Sì, ci indirizza sempre, in qualche modo, all’autorealizzazione, concorrendo al nostro benessere. Se pensiamo alla finitudine dell’essere umano, nessuno di noi agirebbe se pensasse che ogni giorno fosse l’ultimo. Al contrario, la speranza ci fa andare avanti perché riteniamo che ci sia sempre un giorno in più per fare le nostre cose, un giorno in più per stare con gli affetti personali, un giorno in più per raggiungere una meta. Non solo, questo sentimento è anche un bene relazionale: contribuisce a creare dei legami tra le persone, che ambiscono allo stesso scopo.


È anche passione?

Rispetto alle emozioni, le passioni sono stati affettivi più strutturati e durevoli.
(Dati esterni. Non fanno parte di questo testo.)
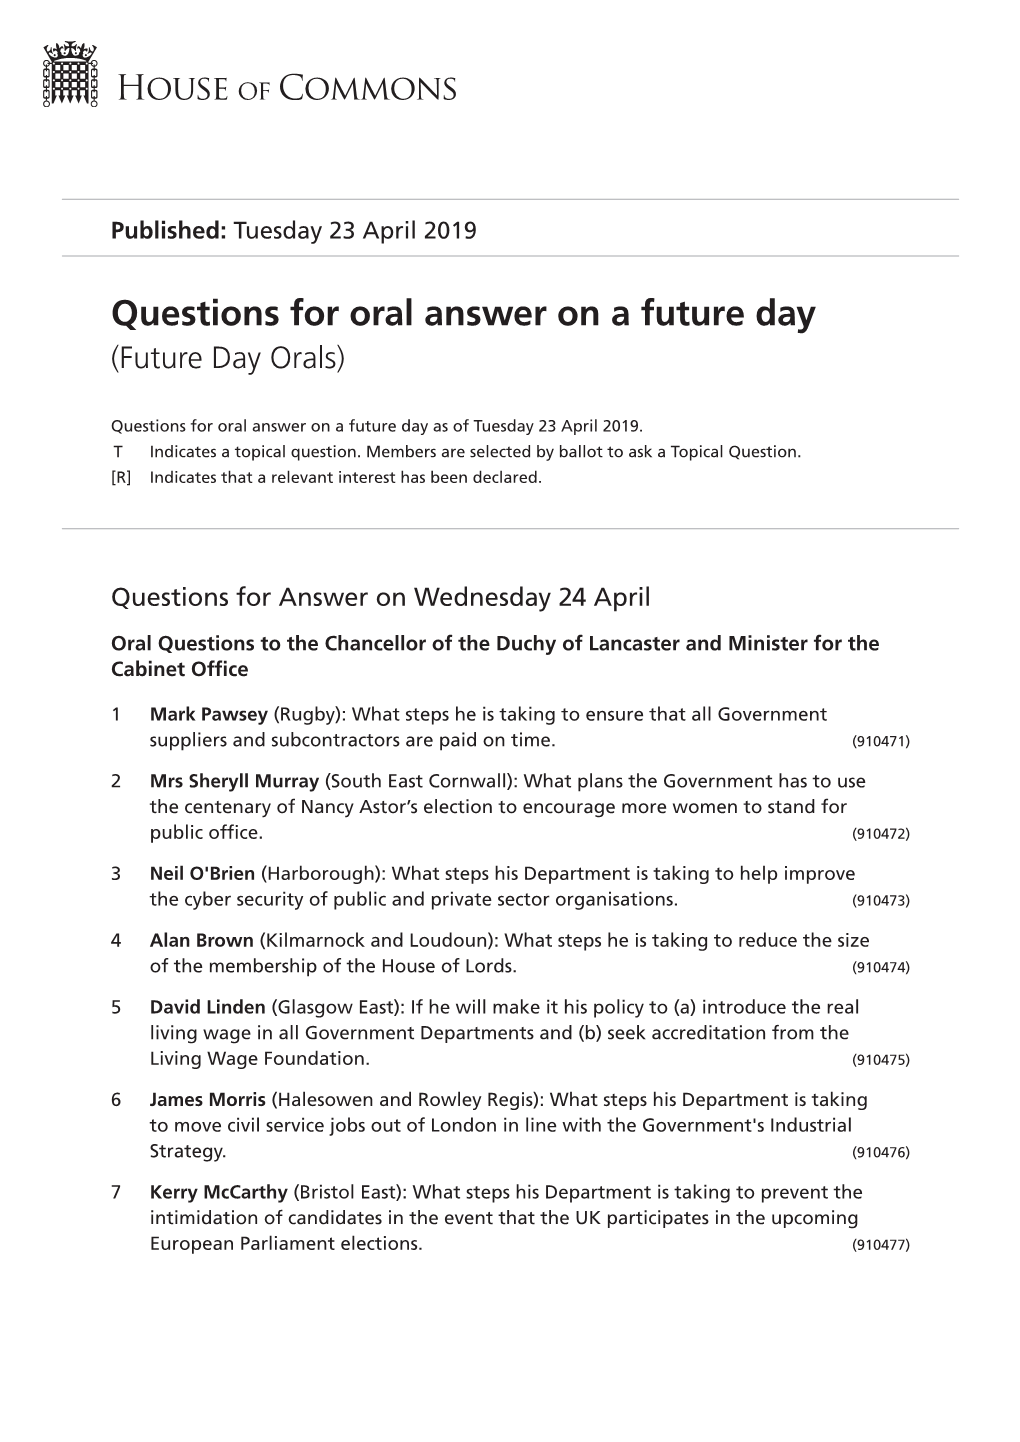 Future Oral Questions As of Tue 23 Apr 2019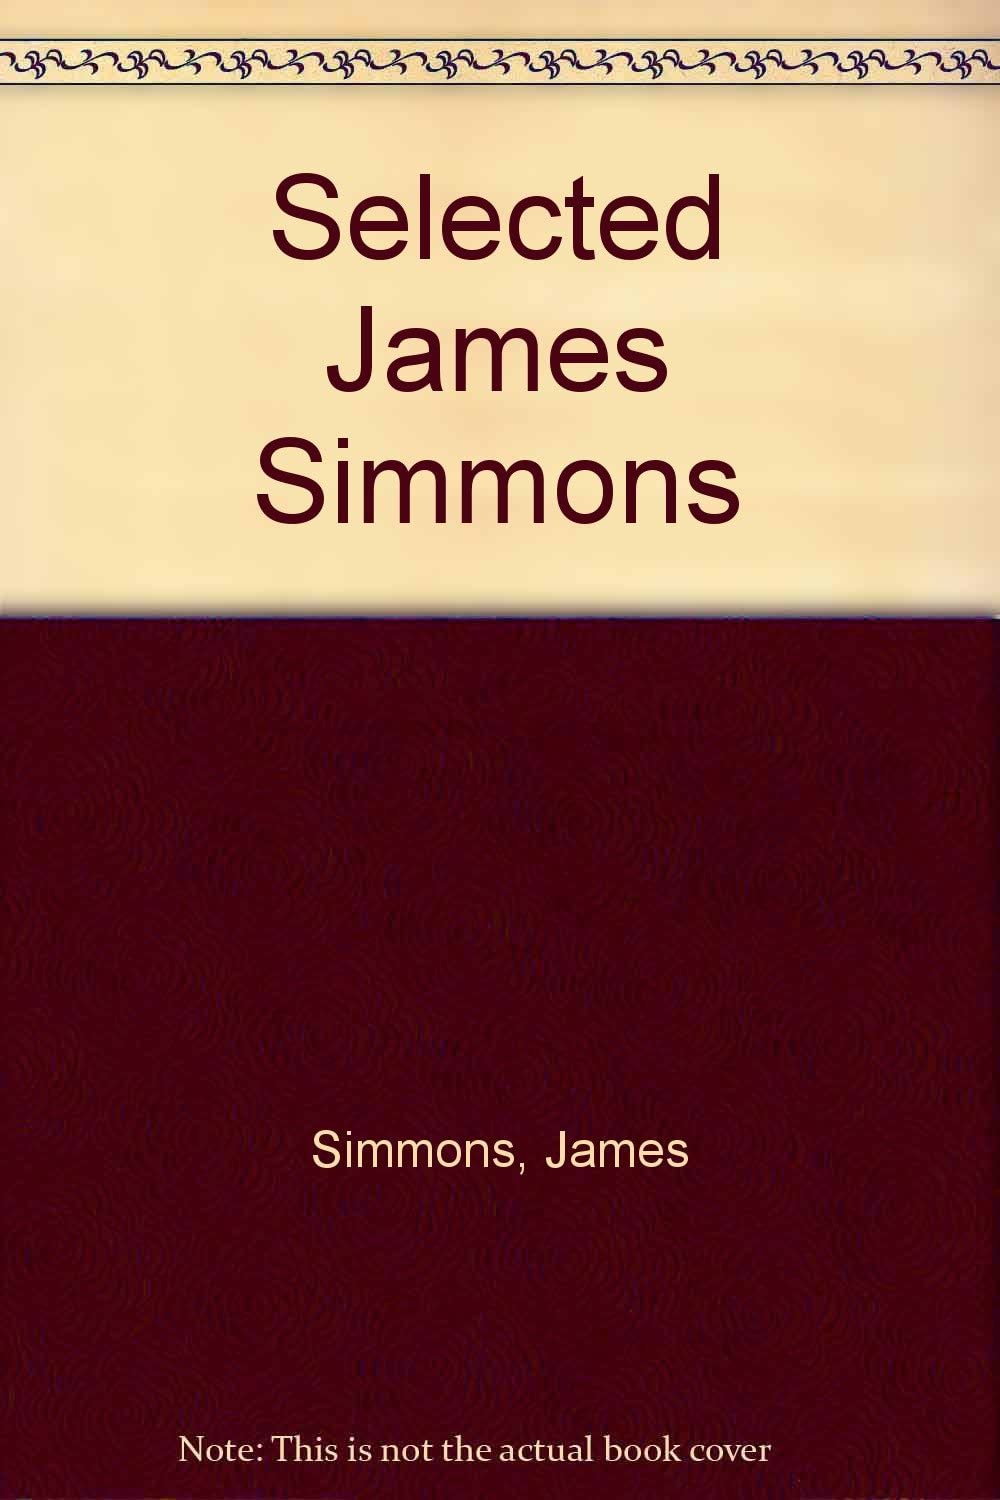 The selected James Simmons

E, infatti, la speranza non si può identificare in uno stato emozionale improvviso che ci travolge ma in uno stato affettivo più persistente che si consolida con il tempo e che può essere nutrito con un certo atteggiamento.


Dove nasce?

Ci sono tre luoghi per eccellenza nei quali si forma e si alimenta la speranza. Il primo è la nascita di un nuovo sistema d’idee: testimonia che il mondo non è destinato alla ripetizione del sempre uguale e alla decrepitezza, e questo ci rende positivi e aperti. Il secondo è la cura dell’altro, e l’esempio più lampante e pratico è il genitore che cresce un figlio. Lo fa non solo per difendere e preservarne la vita per come essa è, ma anche per cercare di realizzare la sua migliore forma possibile, cioè intenderla in una prospettiva futura. Il terzo, infine, grande luogo del sociale dove germoglia e cresce è il lavoro a cui sono collegate molti ideali umani: quello di una vita dignitosa per se stessi e la propria famiglia; la realizzazione personale e il contributo che ognuno apporta alla costruzione della società attraverso la “fattura” di prodotti e servizi utili ad altri.


Perché passione “del possibile”, come s’afferma nel titolo del libro?

La speranza è una roulette russa: ciò che vogliamo può succedere o no, il possibile è legato al livello di motivazione dell’individuo e alla volontà che ci mette nel raggiungere questo fine. Ci sprona a rimetterci in gioco in un percorso fatto anche di ansie, paure, dubbi, delusioni e disillusioni. Con traiettorie plurime: ogni volta che agiamo, siamo pronti a trovare qualcosa di nuovo, di noi, degli altri, del mondo. La speranza, infatti, è dinamicità, prassi, azione. Se non fosse così, le grandi scoperte scientifiche non ci sarebbero state e nemmeno il progresso.


Speranza, un sentimento che non ha età

La speranza non dovrebbe abbandonarci mai? «Sì, deve essere di tutti, e non solo delle classi giovani», risponde la professoressa Mangone. «È vero che è rivolta al futuro, con gli anni sempre più di breve termine, ma è altrettanto vero che è il passaggio di testimone ad azzerare le differenze anagrafiche. Infatti, se i giovani ripongono le loro speranze portando avanti direttamente i loro progetti di vita, gli over 60 possono proiettarle stando vicino a chi ha tanti anni meno di loro».